Even in states in which cannabis is entirely legal or in which it is legal for medical use, many customers would want to keep their use of cannabis products private. This is true for at least two principal reasons. First, cannabis is not legal under federal law and, as a result, there is a possibility that knowledge of a customer’s cannabis could be problematic on various levels, particularly with respect to employment. Specifically, it is possible that, with respect to certain jobs that are subject to licensing—such as attorneys, medical professionals, and psychotherapists, among many others—knowledge of cannabis use could be problematic. Second, notwithstanding its legality on the federal level, there might be a stigma associated with cannabis use, even in states in which it is legal.

For example, although cannabis has been legal in California for several years, there has been a spike in the number of applicants disqualified for government jobs after failing tests for cannabis use. Under Proposition 64, which legalized cannabis in 2016, both public and private employers are still allowed to mandate a drug-free workplace and to terminate any employees that do not follow that mandate. Legislators in California are, accordingly, considering changes to that state’s employment laws which would protect workers and job applicants who used cannabis for medical purposes. But, even without testing, consumers of cannabis products (for both medical and recreational purposes) understandably might want their cannabis use to remain private, in order to avoid any possible employment consequences.

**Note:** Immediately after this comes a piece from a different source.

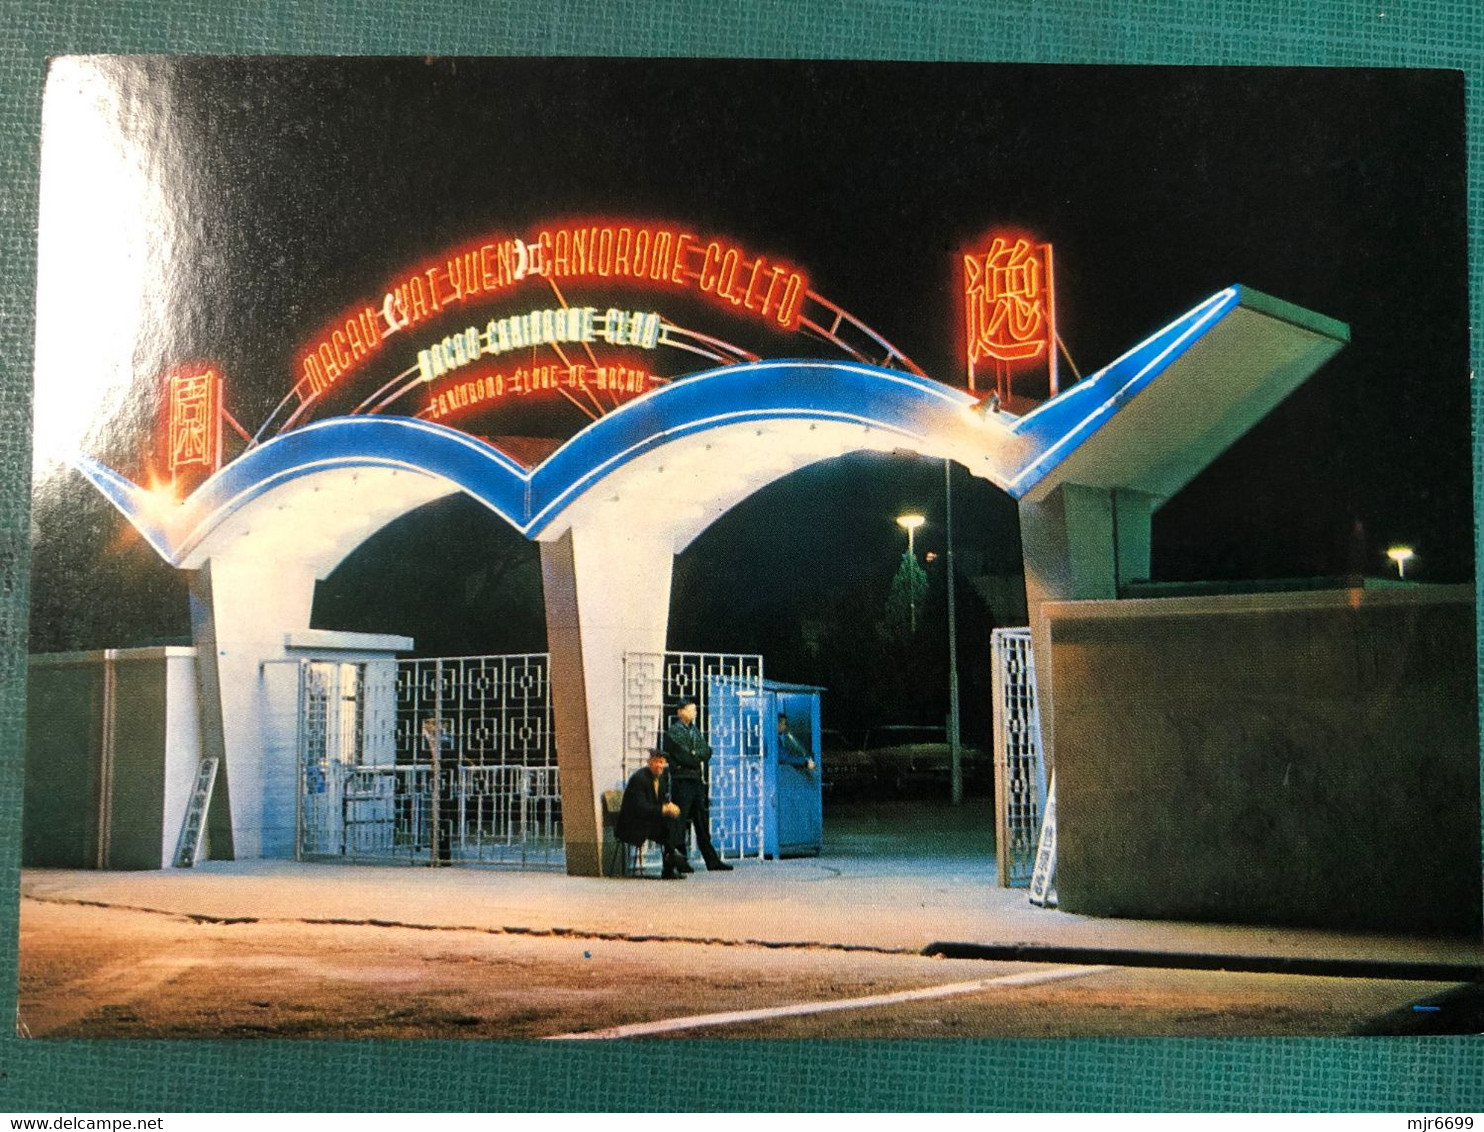 MACAU 1970'S, DOG RACING CANIDROME AT NIGHT, BOOK STORE PRINTING, SIZE 14,8 X 10CM, #206 - Macao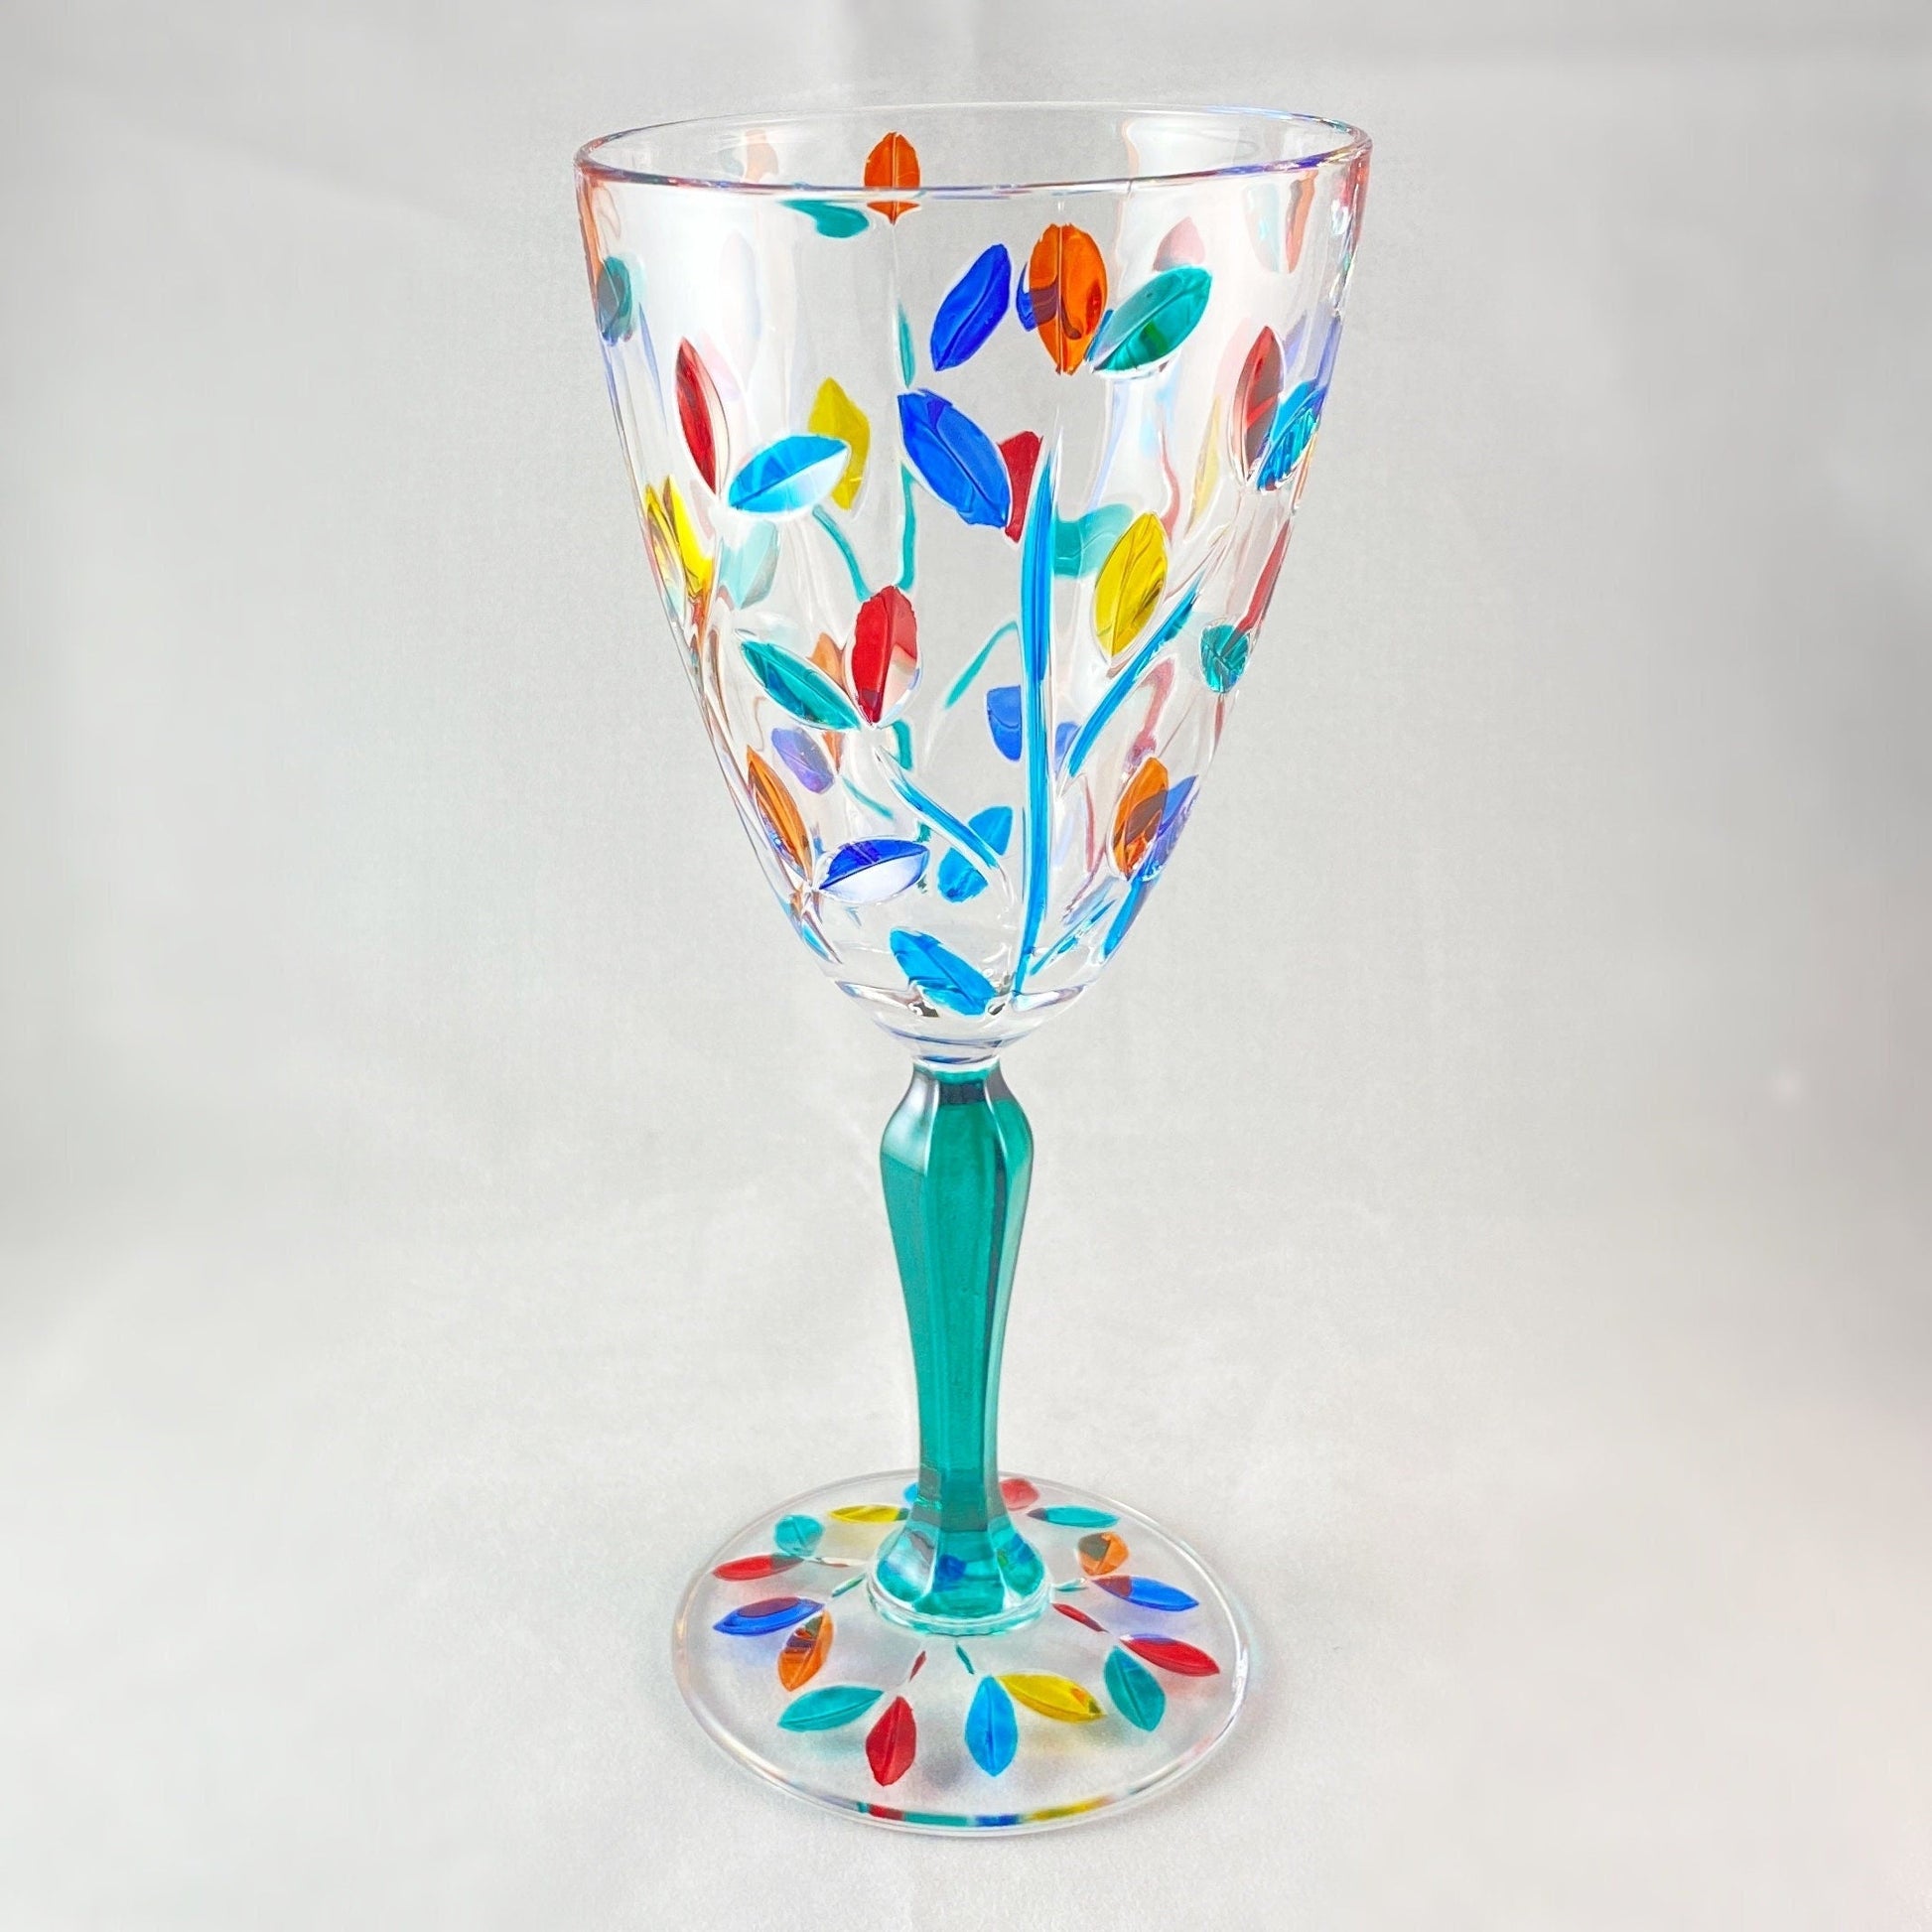 Green Stem Tree of Life Venetian Glass Wine Glass - Handmade in Italy, Colorful Murano Glass

In any event, it is clear that a data breach involving a dispensary could result in significant liability if customers’ PII is released, particularly if any such breach affects a customer’s employment. Accordingly, dispensaries need to be especially vigilant with respect to the PII that the collect, and they need to protect themselves against a breach.

This is where cyber liability insurance is supposed to step in and provide some of that protection. Cyber policies are meant to provide coverage for the costs associated with both mitigating a data breach as well as any resulting liability, among other things (most cyber policies are hybrid property loss/business interruption and liability policies).

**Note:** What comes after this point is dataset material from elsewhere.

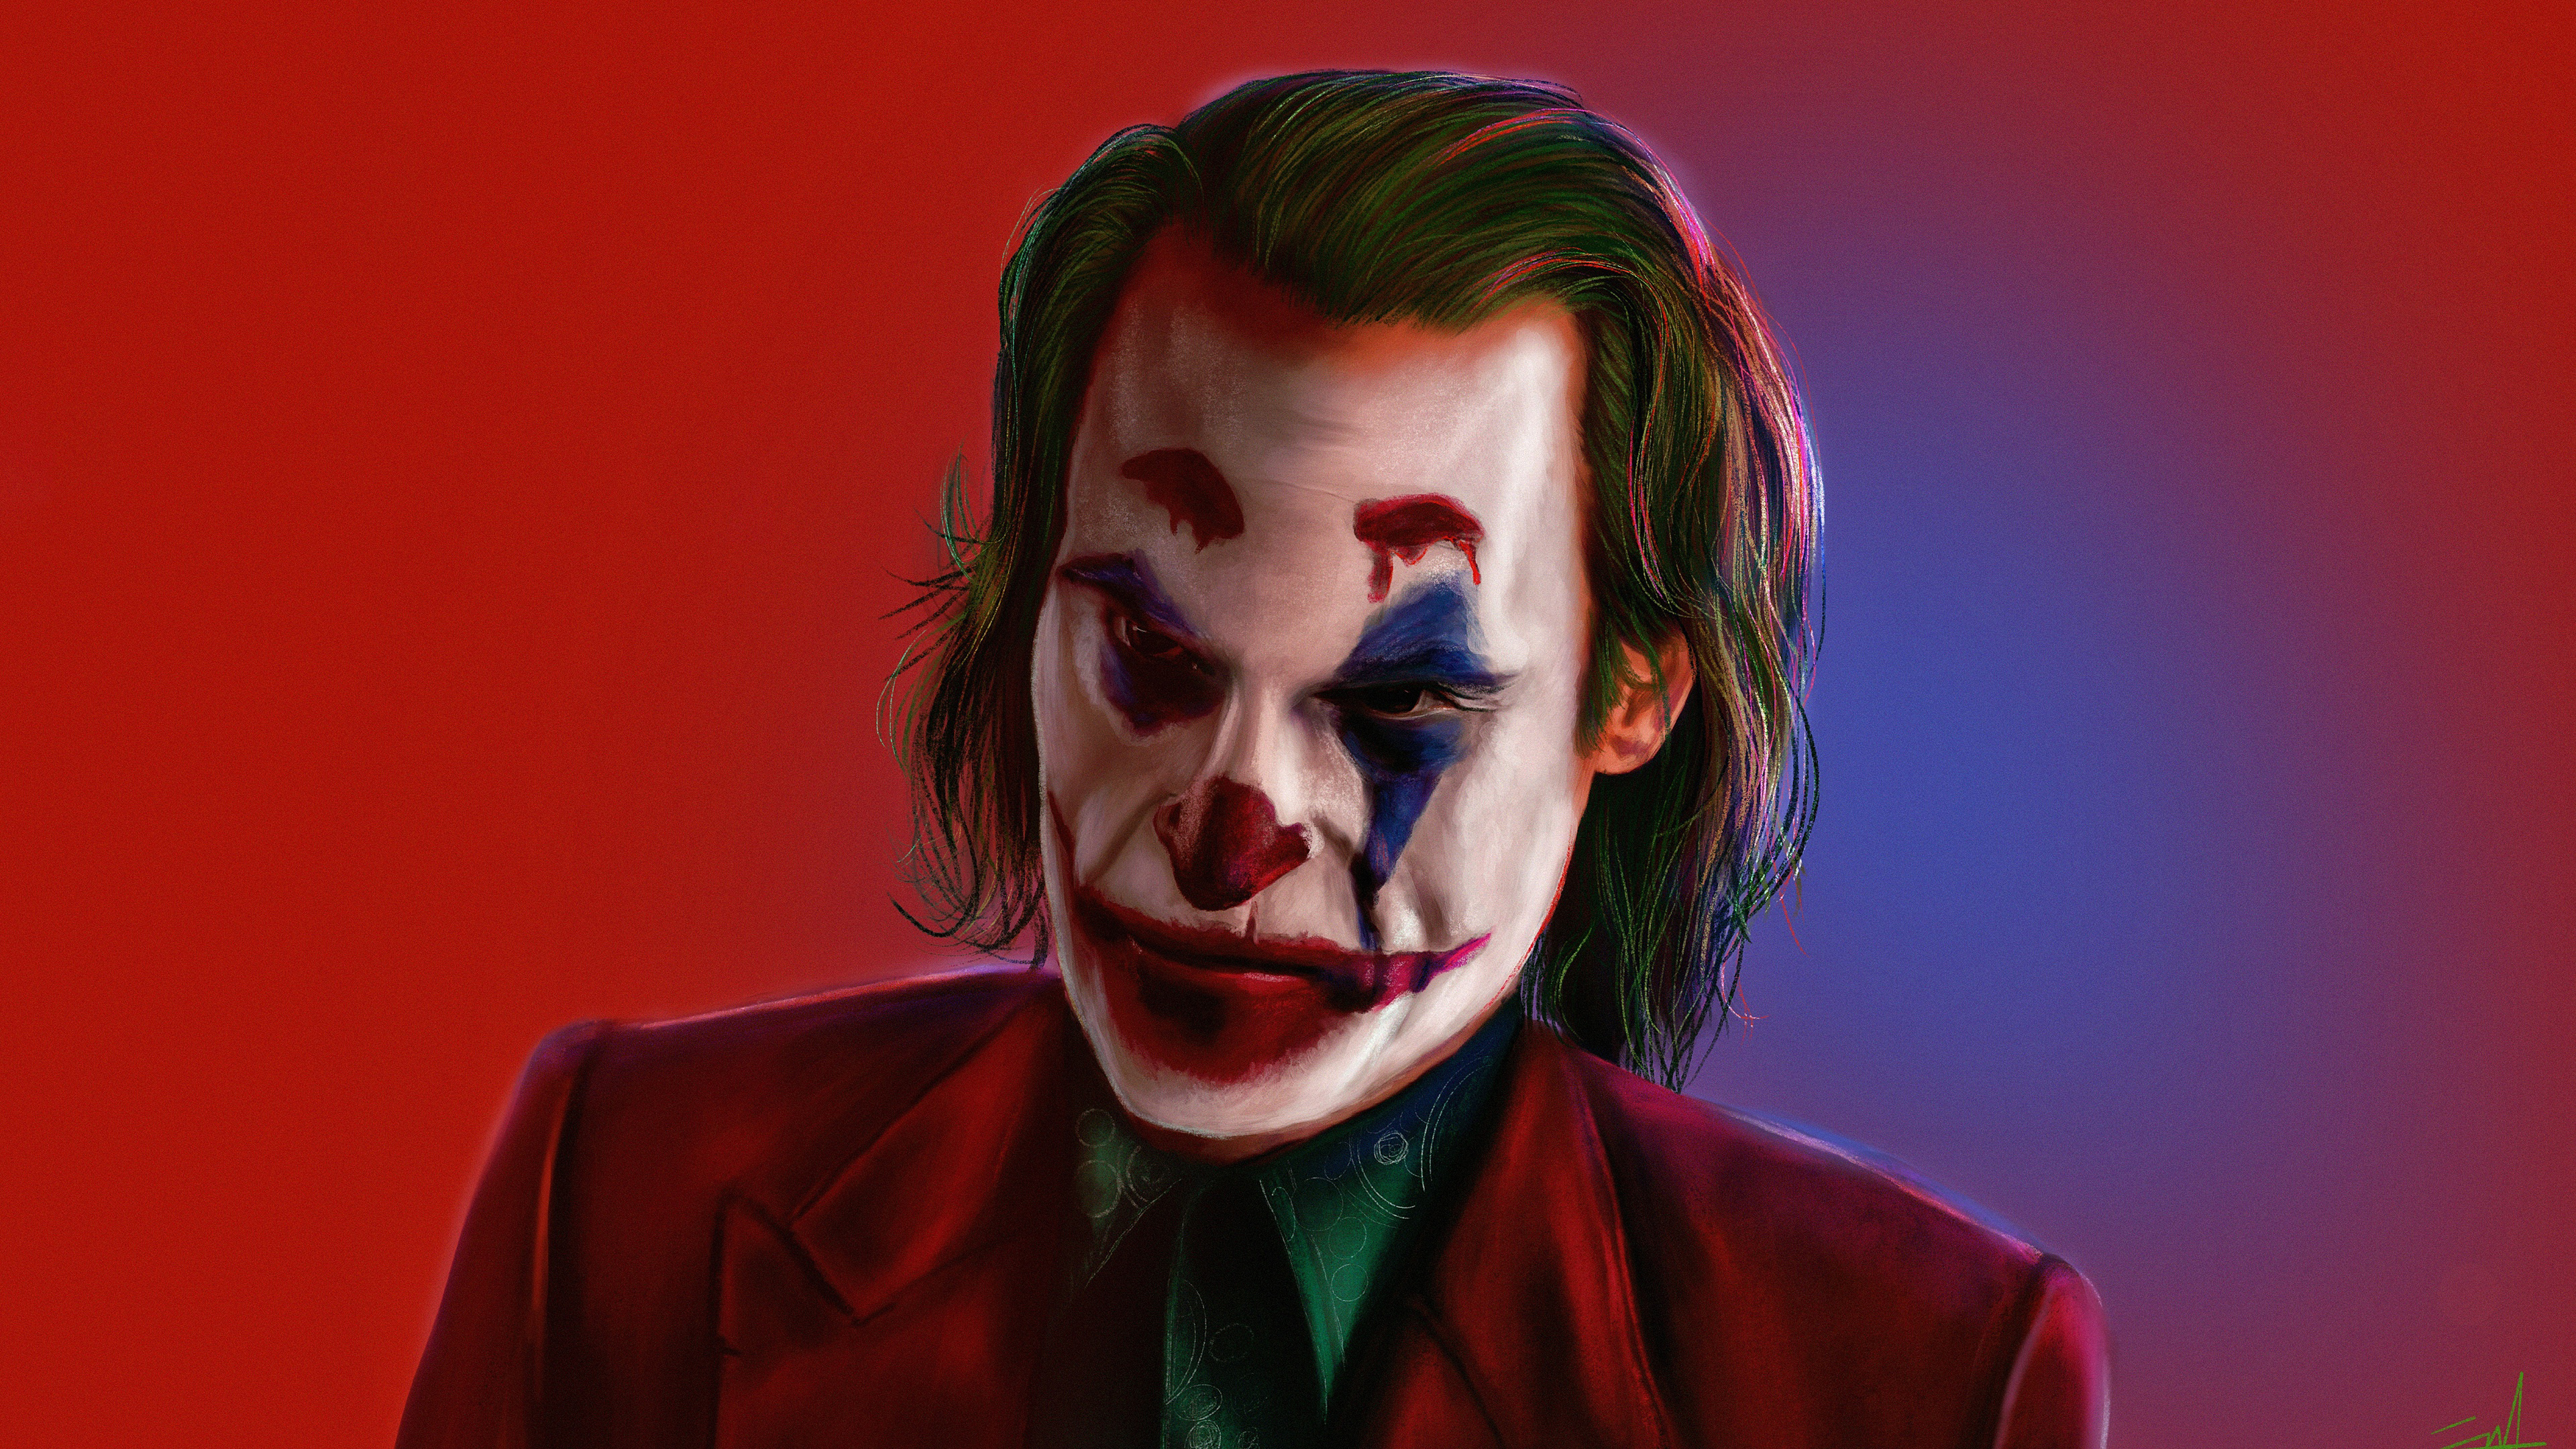 Joker Joaquin Phoenix With Red And Blue Background 4K HD Joker Wallpaper

In that regard, cyber liability insurers are slowly opening their doors for cannabis-related business. And, like much of the other insurance described above, they are doing so cautiously and at relatively high premiums. But, one thing that is somewhat unique about cyber liability policies is that they are not as uniform or standard as other types of insurance policies and, as a result, tend to be more negotiable. Accordingly, it might be possible for a cannabis business, such as a dispensary, to focus on the types of protections most vital to its business, and possibly forego some of the additional protections that some cyber liability policies may otherwise provide. Such focus may make this line of coverage less cost prohibitive. As with all uncertainties, the more that insurance underwriters understand about a given risk over time, and how to manage it, the more comfortable they may feel about underwriting that risk. That is when prices typically come down.

[1] See, e.g., The Green Earth Wellness Center LLC v. Atain Specialty Insurance Co., 163 F. Supp.3d 821, 831 (D. CO. 2016), in which the court found that a policy exclusion for “growing crops” barred coverage for the cannabis plants until they were harvested.